- [About this exercise] Your job is to give again, exactly and with no additions, the lines in the records below from the one with "Вяжем простые перчатки🧤//" through the one with "西所沢駅(西武狭山線)の固定資産税・固定資産税評価額 | トチノカチ", both included. Omit the pictures.

- [Entries provided]
------------------------

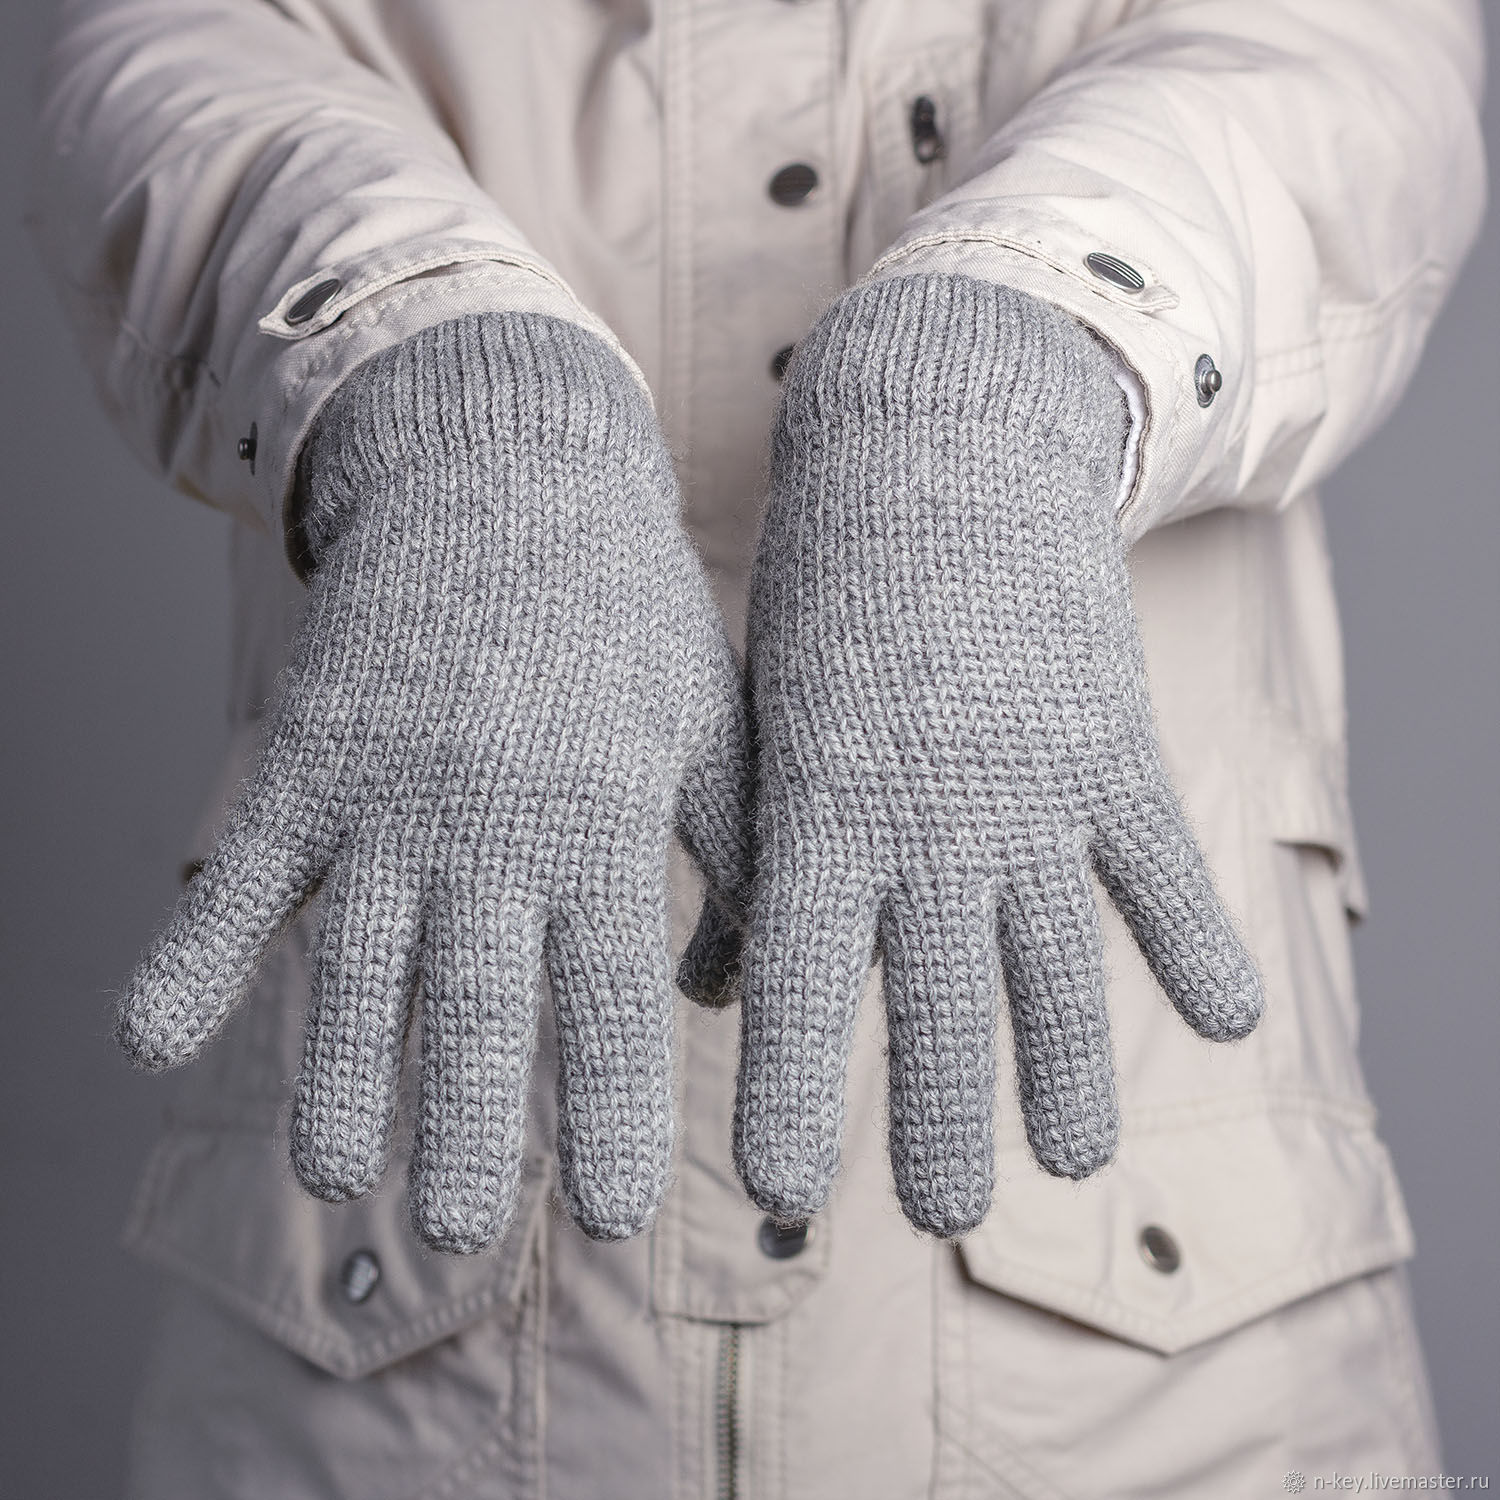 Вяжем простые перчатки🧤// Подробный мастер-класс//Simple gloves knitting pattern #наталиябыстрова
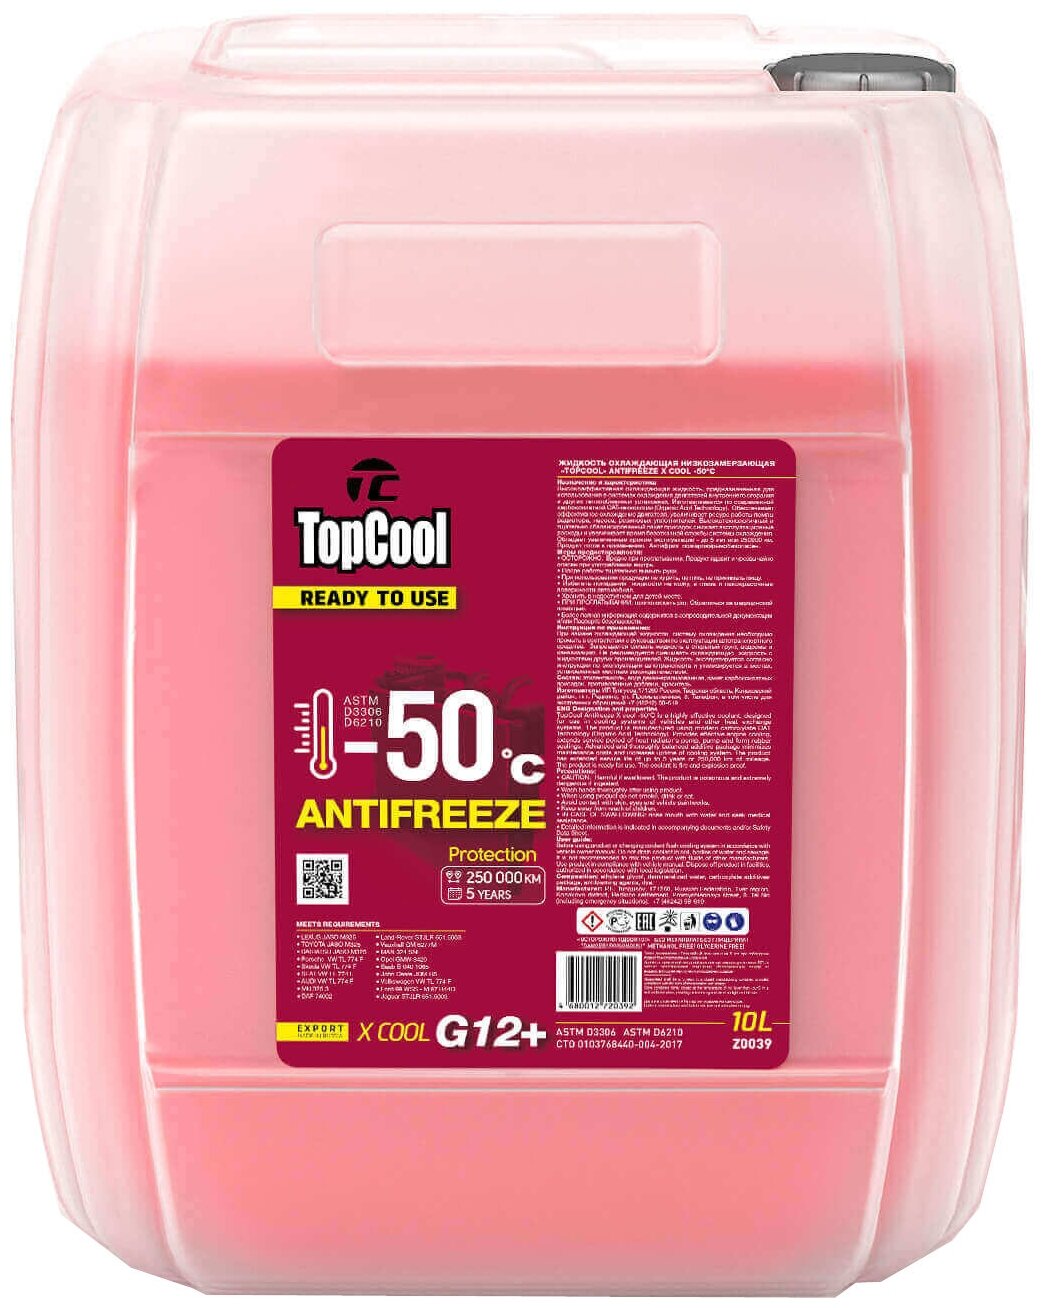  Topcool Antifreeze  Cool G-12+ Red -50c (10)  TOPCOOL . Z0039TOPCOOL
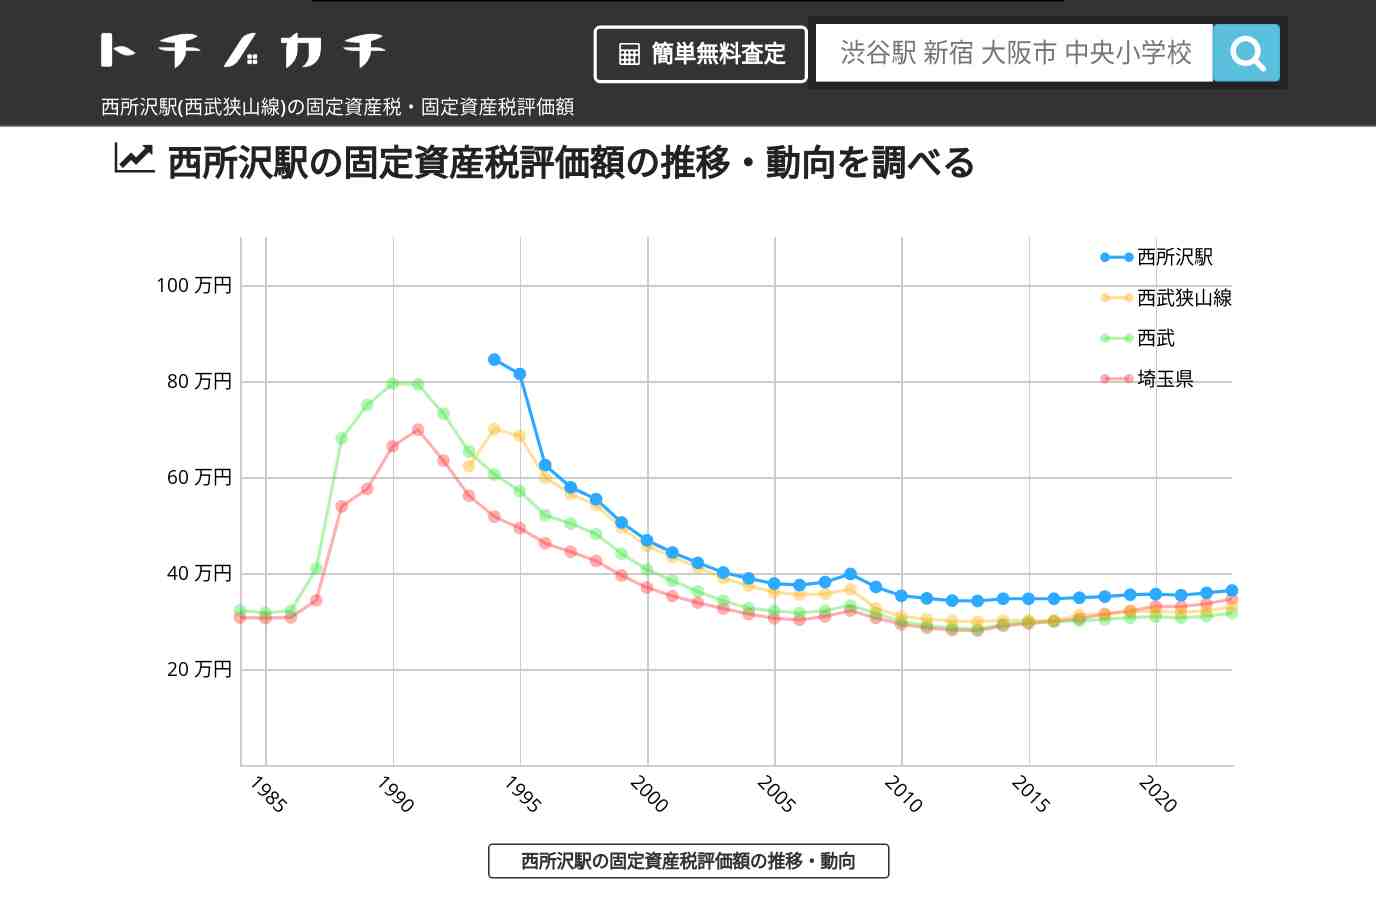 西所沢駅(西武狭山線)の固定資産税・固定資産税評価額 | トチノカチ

------------------------

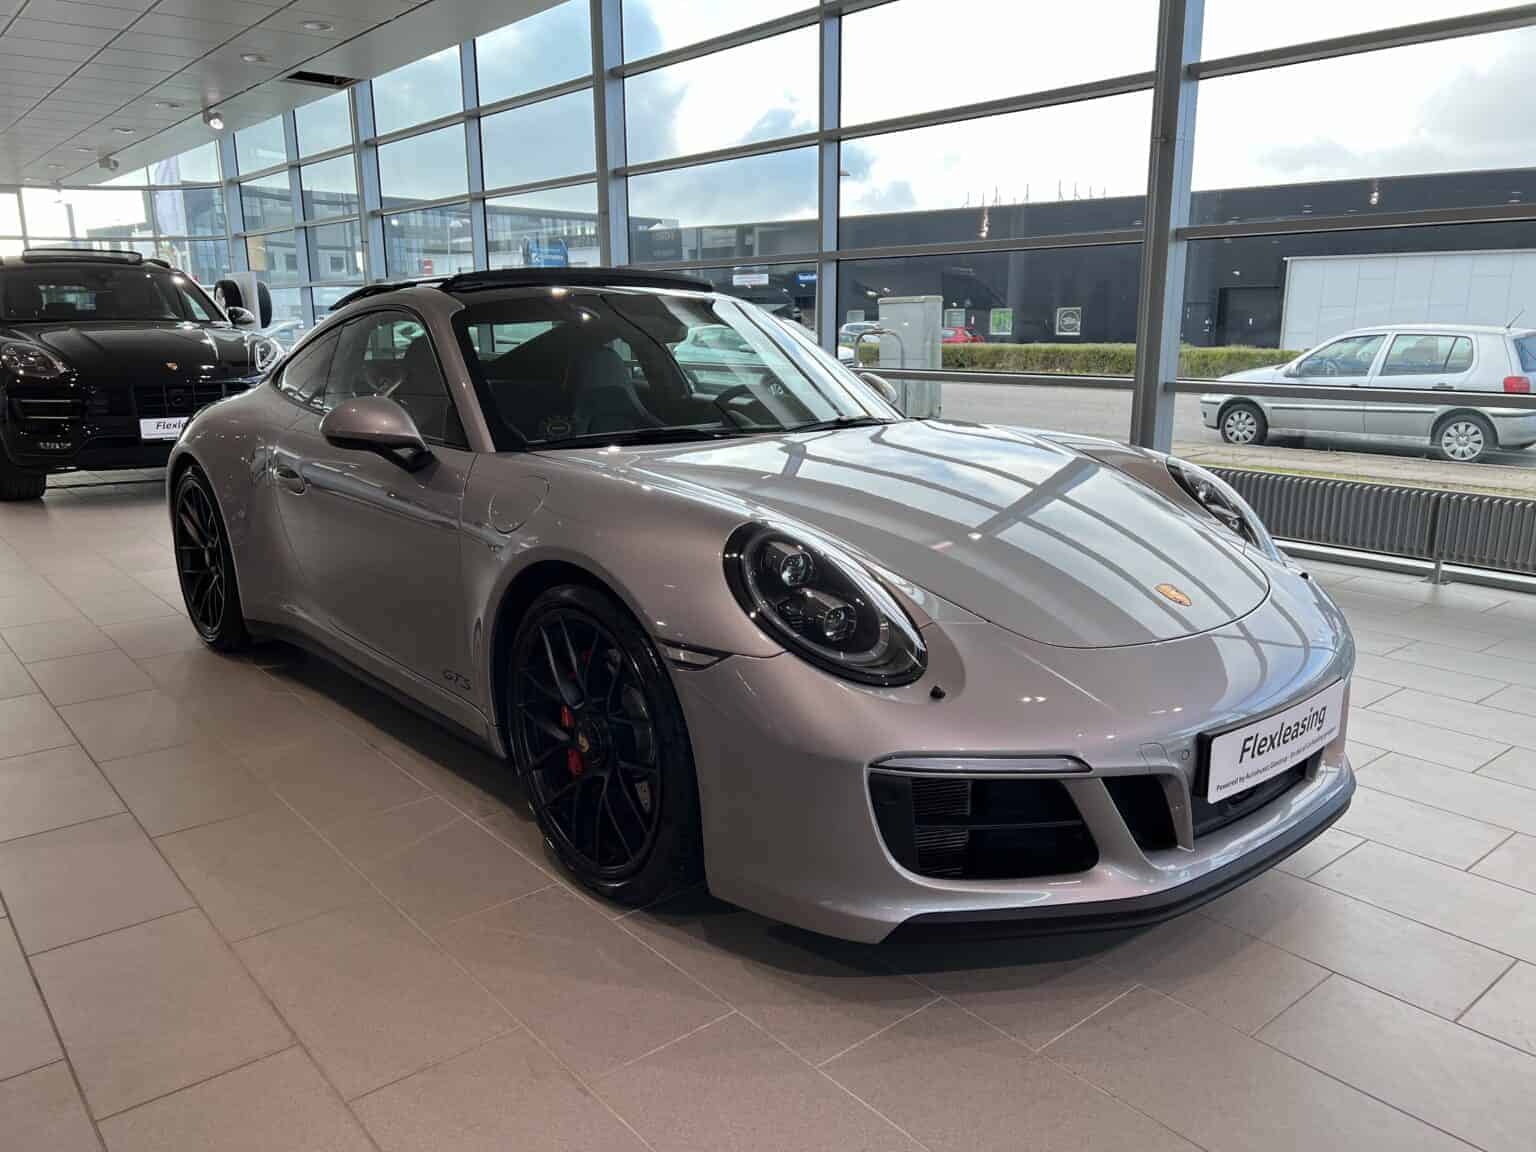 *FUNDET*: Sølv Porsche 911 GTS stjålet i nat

------------------------

- [Solution]
 Вяжем простые перчатки🧤// Подробный мастер-класс//Simple gloves knitting pattern #наталиябыстрова
  Topcool Antifreeze  Cool G-12+ Red -50c (10)  TOPCOOL . Z0039TOPCOOL
 西所沢駅(西武狭山線)の固定資産税・固定資産税評価額 | トチノカチ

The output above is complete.